Пирушкой заправляла молодая поросль, и я не понимал, что связывает хозяев с этими норовистыми и грубоватыми юнцами. Впрочем, Лора показала себя отличной хозяйкой, расторопной, в меру суетливой. Она показала себя даже в некотором роде наставницей молодежи, мудрой воспитательницей, чутко отзывающейся на нужды и проблемы, волнующие современного молодого человека, но я не берусь судить о воззрениях, которые она пыталась привить своим подопечным. Это была настоящая каша, иной раз с примесью каких-то даже трансцендентальных отходов, и, надо сказать, многие ребята, слушая виновницу торжества, прятали усмешку и в конце концов не нашли себе лучшего применения, чем напиться вдрызг. Были танцы, Гулечка бодро приняла в них участие, и Лора, разумеется, не отставала. Итальянский бедняк долго клевал носом и наконец рухнул со стула. В этот раз он был действительно пьян. Но это уже из области комического.

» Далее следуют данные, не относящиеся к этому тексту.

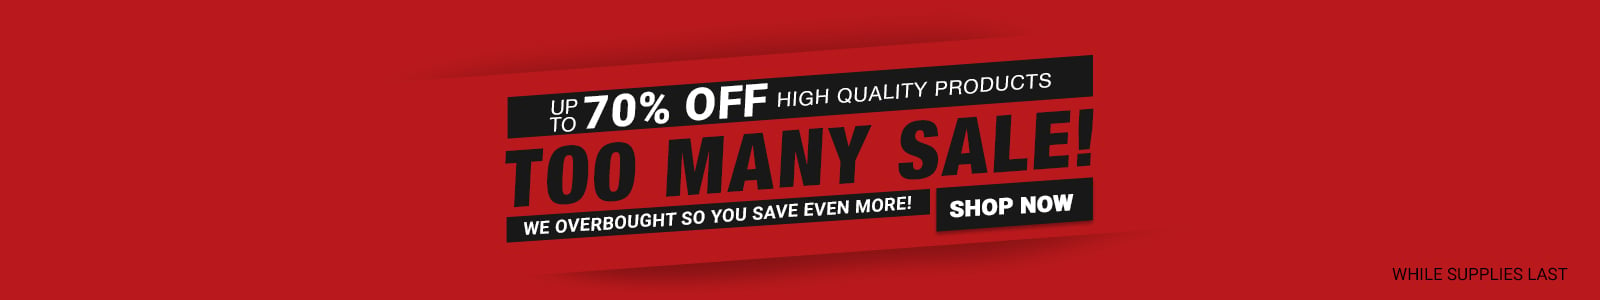 The Too Many Sale!

We overbought so you save even more! 
Up to 85% off high quality products
While Supplies Last
Shop Now

Как я и предвидел, Гулечка решительно отвергла мои притязания ночевать под ее крылом, мотивом отказа была уже поднадоевшая мне ссылка на неусыпную бдительность маменьки. Я не желал коротать ночь где попало, как придется. Выпив лишнего, я стал подозревать всюду ловушки, сети, на меня расставленные, мне пришло в голову, что на меня, родительскими усилиями и молитвами, объявлен розыск и идти в людные места – все равно что идти в петлю; я весь обратился в бдительность и осторожность. Я решился идти к Пареньковым.

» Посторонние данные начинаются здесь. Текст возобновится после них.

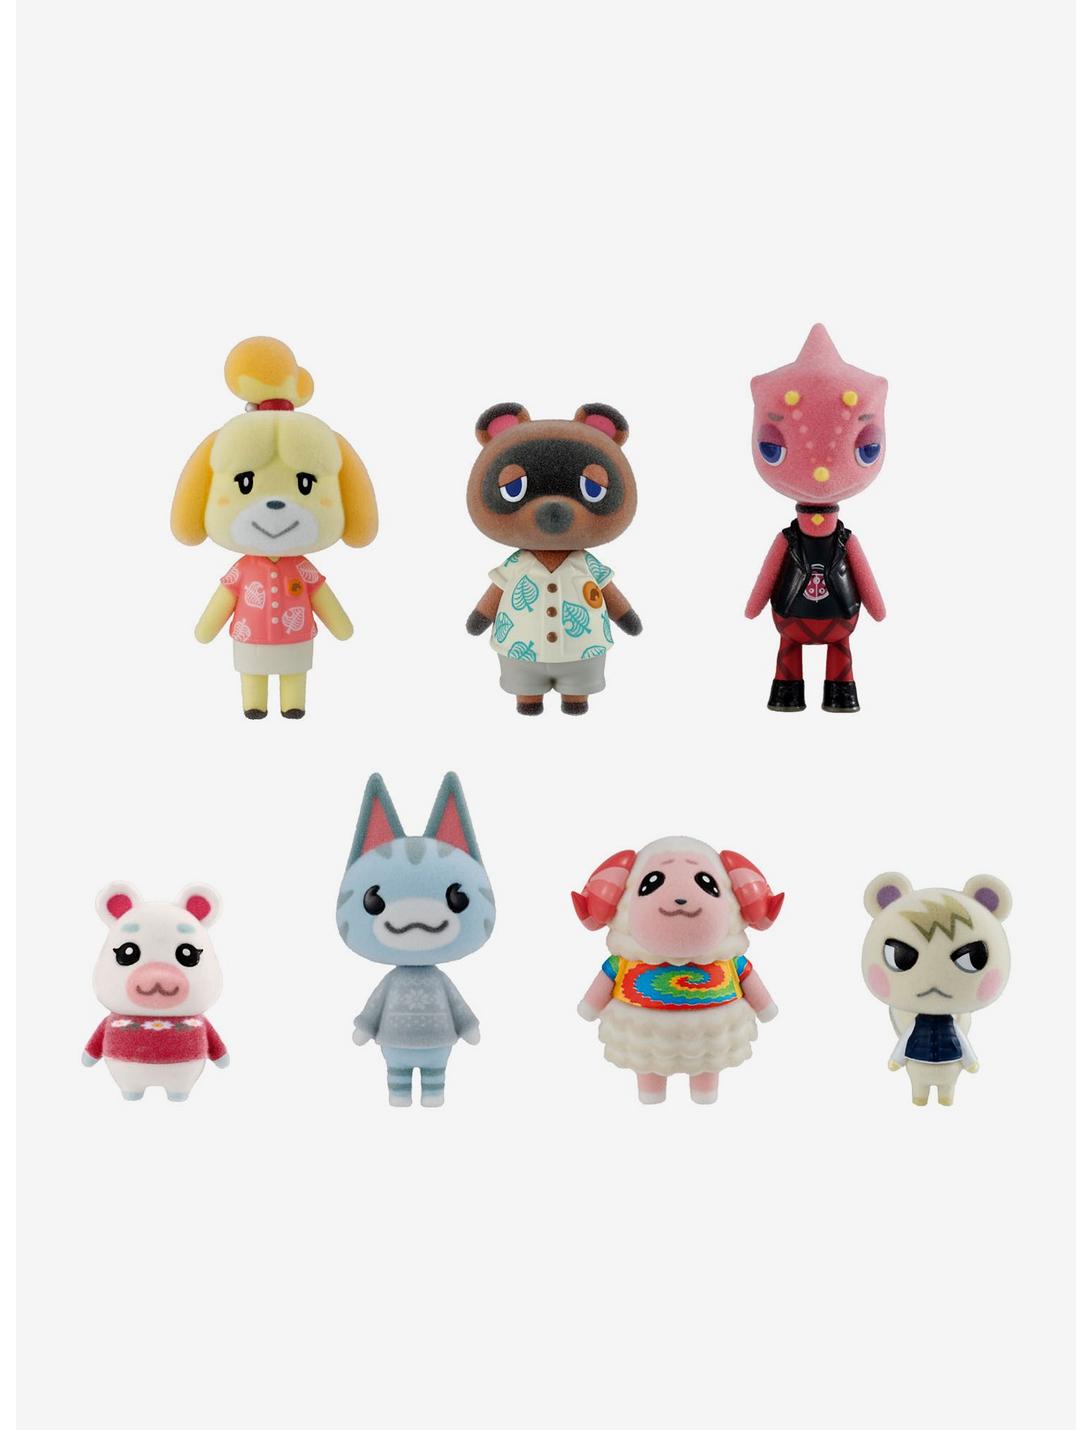 Isabelle Summer Outfit Amiibo - Animal Crossing Series [Nintendo Accessory]

Они удивились, что я так поздно, я же удивился вдруг, что до них еще не дошли слухи о моем очередном преступлении. Паренькова не сводила с меня неподвижного взгляда, в котором ясно читался приговор моему нескончаемому жульничеству, а Пареньков качал плешивой головой в такт моим путаным объяснениям, лениво пережевывал один за другим медовые пряники и вряд ли меня слушал. Он не имел ничего против моего ночевания и не старался постичь, что побудило меня бежать из дома. Его вполне устраивала версия, что я разругался с Жанной. Паренькова была убеждена, что исправит меня лишь могила, а буду я ночевать у них или нет, это уж никакого значения и не имеет. Они постелили мне надувной матрас на полу в небольшой чистенькой комнатке, погасили свет и ушли, почесывая головы и зевая. Среди ночи меня разбудил яркий свет, я открыл глаза и увидел, что они оба, в пижамах и тапочках, стоят на пороге и внимательнейшим образом изучают меня.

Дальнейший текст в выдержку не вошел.